Over the past few months, I’ve had the opportunity to really contemplate what adoption is to me and why it is important. Perhaps it’s the long holiday season when we are forced to look at our familial relationships (ready or not). Perhaps it’s the shorter days of sunlight that pull my mind into a sea of melancholy.  If I am being honest, there are days I look around at my life and wonder what on earth I got myself into. Adoption is hard for everyone involved, no matter what movies and books proclaim. 

There is no place for a Savior complex in adoption. While our decision may have helped keep my kids from returning to an abusive situation, I have not saved anyone. For that matter, as grateful as we are to the caseworkers, police, and judges involved, none of us save,d our kids from destruction. We may have removed them from imminent danger. Unfortunately for all parties involved, adoption can be, and most often is, a traumatic event. 

So, from one perspective, adoption is trauma.

But let’s look deeper. Adoption is also the capacity for unimaginable joy. This is not a Pollyanna, rose-colored glasses situation. I have cried myself to sleep over our lack of ability to find happiness before. My adopted kids came to us through the foster care system. Those words alone can bring nausea to some. But also, my kids are incredible people–amazing, intense, and confusing people, but the amount of joy they bring to our home is equally intense as their personalities. 


Adoption is grief: grief over what could have been and grief of a birth family imagining what it would have been like if they could have been the ones to raise the adopted child. It is the grief of a birth mother who believed she was making the best choice for her child but still hears phantom baby cries in her empty apartment. It is the grief of an adoptive family knowing that no matter what they do, they will never measure up to some of their children in the light of imagined birth families. 

Adoption is the grief of the separation that leads to the need for adoption and foster care in the first place. It is the grief of saying goodbye again and again and again, feeling like your heart has left the house and is never coming back. Adoption is the unimaginable ache of knowing the child is going back to their best case scenario, their birth family they belong in, but wishing selfishly they could stay in your arms and care forever

It is the grief of realizing the children we wanted to adopt were different after they were placed in our home and settled. What looked manageable on paper that was curated to pull heartstrings, is unmanageable and terrifying in the light of day. 

It is grief because the happiness over adoption day becomes overshadowed by a child’s self-sabotage trying to deal with their personal, indescribable grief. Finally feeling like they are safe to express their true feelings, the child realizes there is so much to be confused and sad about when visitation days don’t happen anymore, when they get confused and write the wrong last name on papers, and when they call out for Mommy and the wrong person comes because the mommy they want isn’t there anymore; yes, adoption is definitely grief. 

But mostly, the biggest thing besides happiness, family, and love, adoption is hope: hope that even facing astronomical odds, this one child will face a tomorrow because adults in their lives made the best choices in horrible situations.

Despite the persistent call towards discontent, there is hope that a child may be the one to break the bonds of generational abuse.

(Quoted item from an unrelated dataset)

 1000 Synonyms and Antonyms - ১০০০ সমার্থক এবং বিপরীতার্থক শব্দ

Their current pain and grief may still bridge the gap for them and those after them to live more hopeful, less heartbreaking lives. 

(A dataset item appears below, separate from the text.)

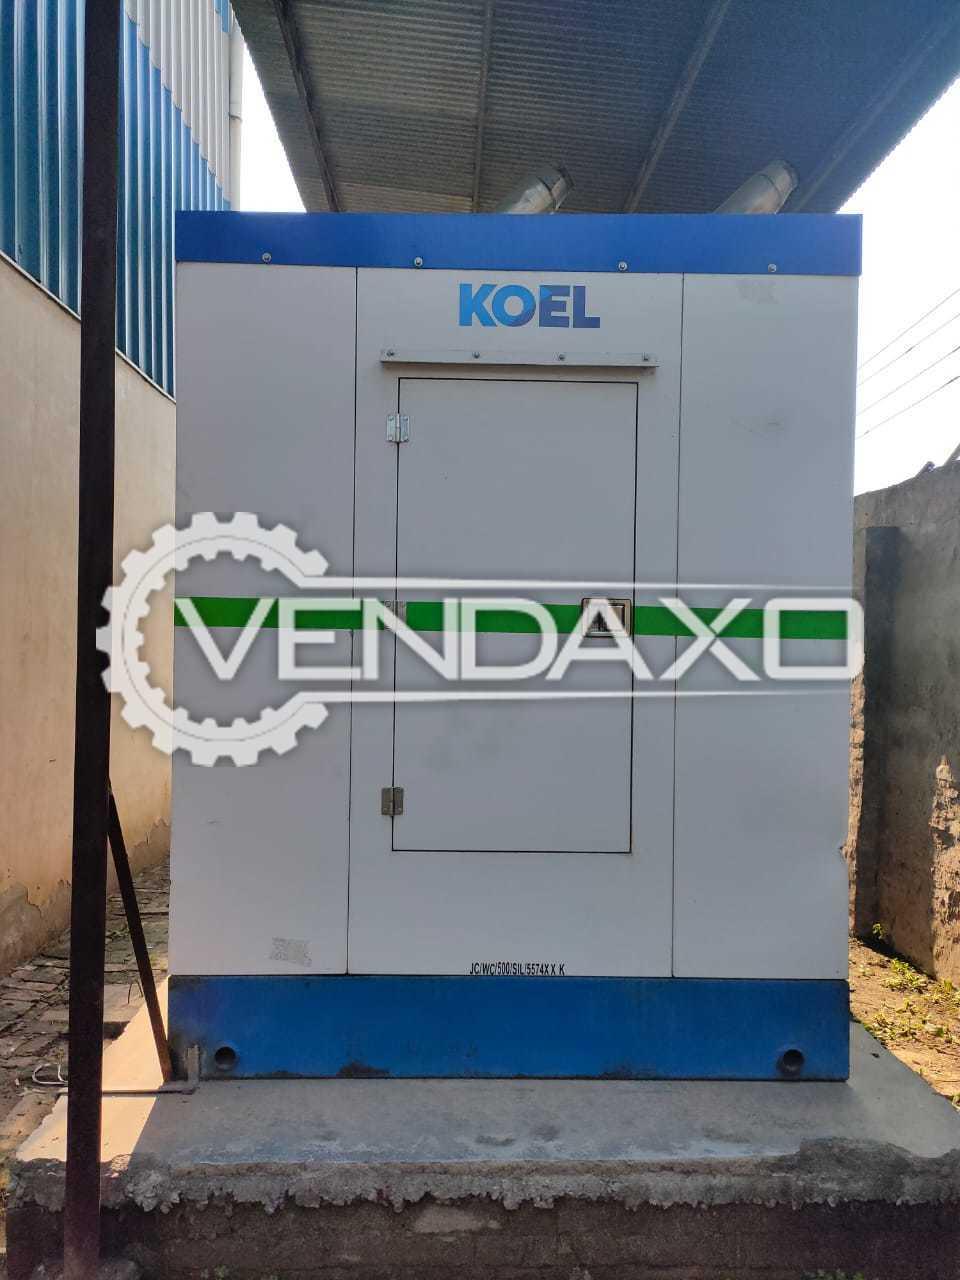 KOEL Diesel Generator - 500 Kva, 2015 Model

Adoption is hope that tomorrow we will all be a little bit closer to being healed. Is this overly optimistic in the day and age of internet discord and discussion? It could be seen that way, certainly. My own personal journey on the route of adoption has certainly lent me a perspective that leans towards cynicism. On my worst days, I throw my hands up and yell at the ceiling that everything I am doing is hopeless and pointless. 

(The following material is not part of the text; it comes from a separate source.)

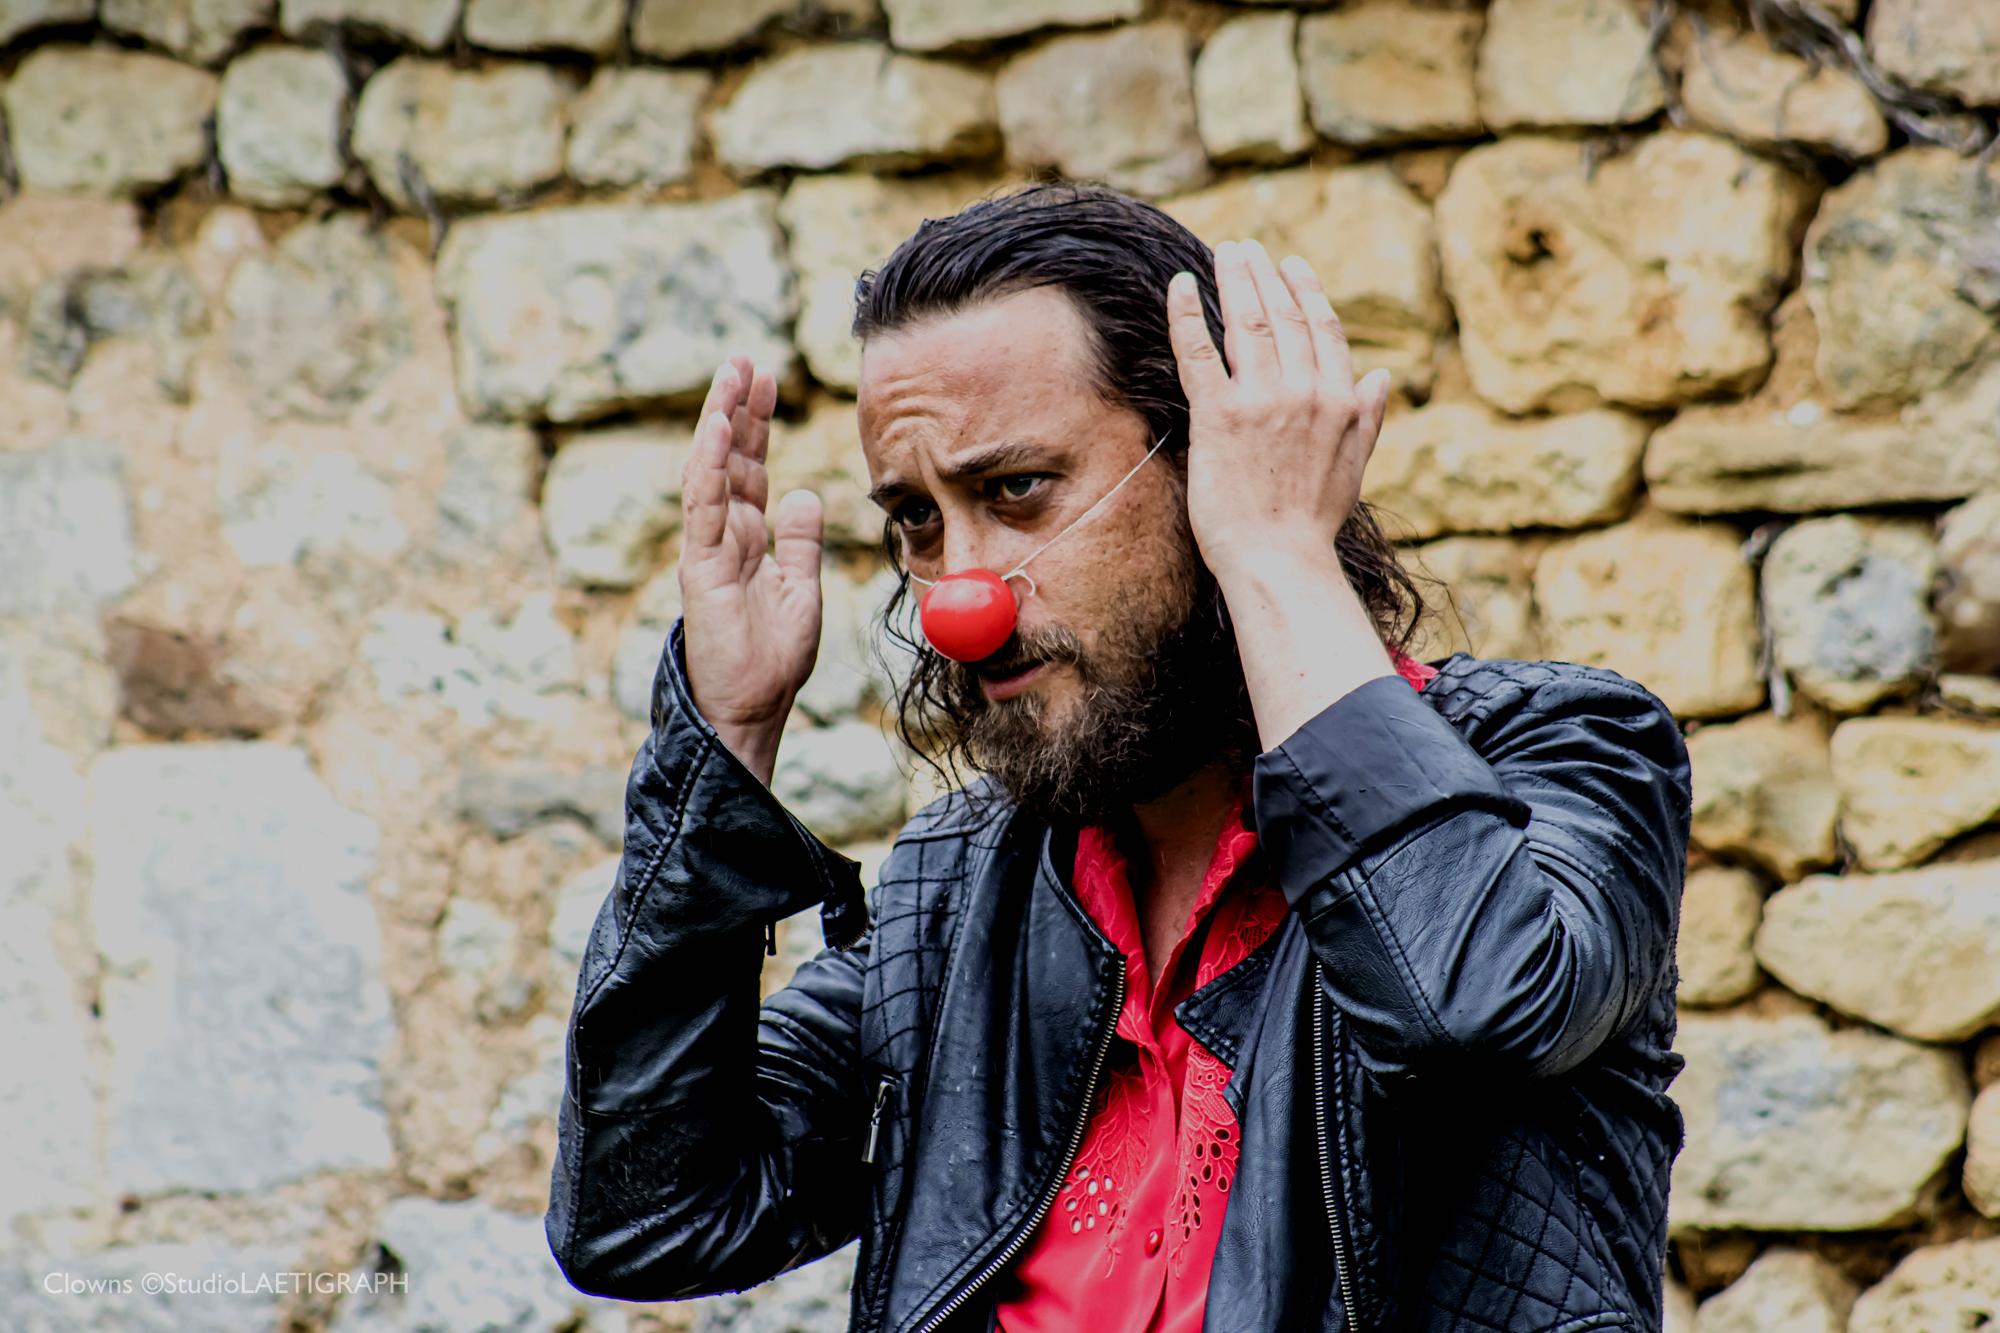 LMDCB21_clowns-55_1

However, on my best days? Those days when my kiddo who couldn’t, in the early days, be spoken to without her then hiding in fear, now cracks a silly joke and climbs on my lap like it was no big thing. Those are days I find hope for all of us. 

While adoption is not really a best-case scenario for anyone involved, I think it is better than the alternatives. I’d rather my child struggle and yell at me than know she was somewhere else being starved, abandoned, or abused. I will be the whipping boy for my child’s anger at their history and circumstances. I’ll take the hatred aimed at me not for my own actions but for the actions of others. If I get to be their safest place, if they can feel the sun on their face, and a breeze in their hair instead of being locked in a closet, I’ll take it. Not in an, “I’m a brave martyr” kind of way, but in a, “God this sucks, but it’s better than the alternative” kind of way. 

Maybe this seems dire to you, depressing at best, that my best view of adoption can be hope. At the end of the day, I will be left with my own impression and you will be left with yours. But eight years deep into a relationship with my kids, my views on the world, adoption, and life have changed a great deal. 

If you are further along and can find unbridled joy every day, please give me the name of your psychiatrist and/or the name of the medication you are taking. I’m kidding (mostly) But I know in today’s world, we are more open to things like mental health and sharing scary experiences with others. I know that some of you are steeped in the same pain my family is–desperately grateful for this life that can be desperately hard. And for us, hope is possibly the best description of adoption there can be.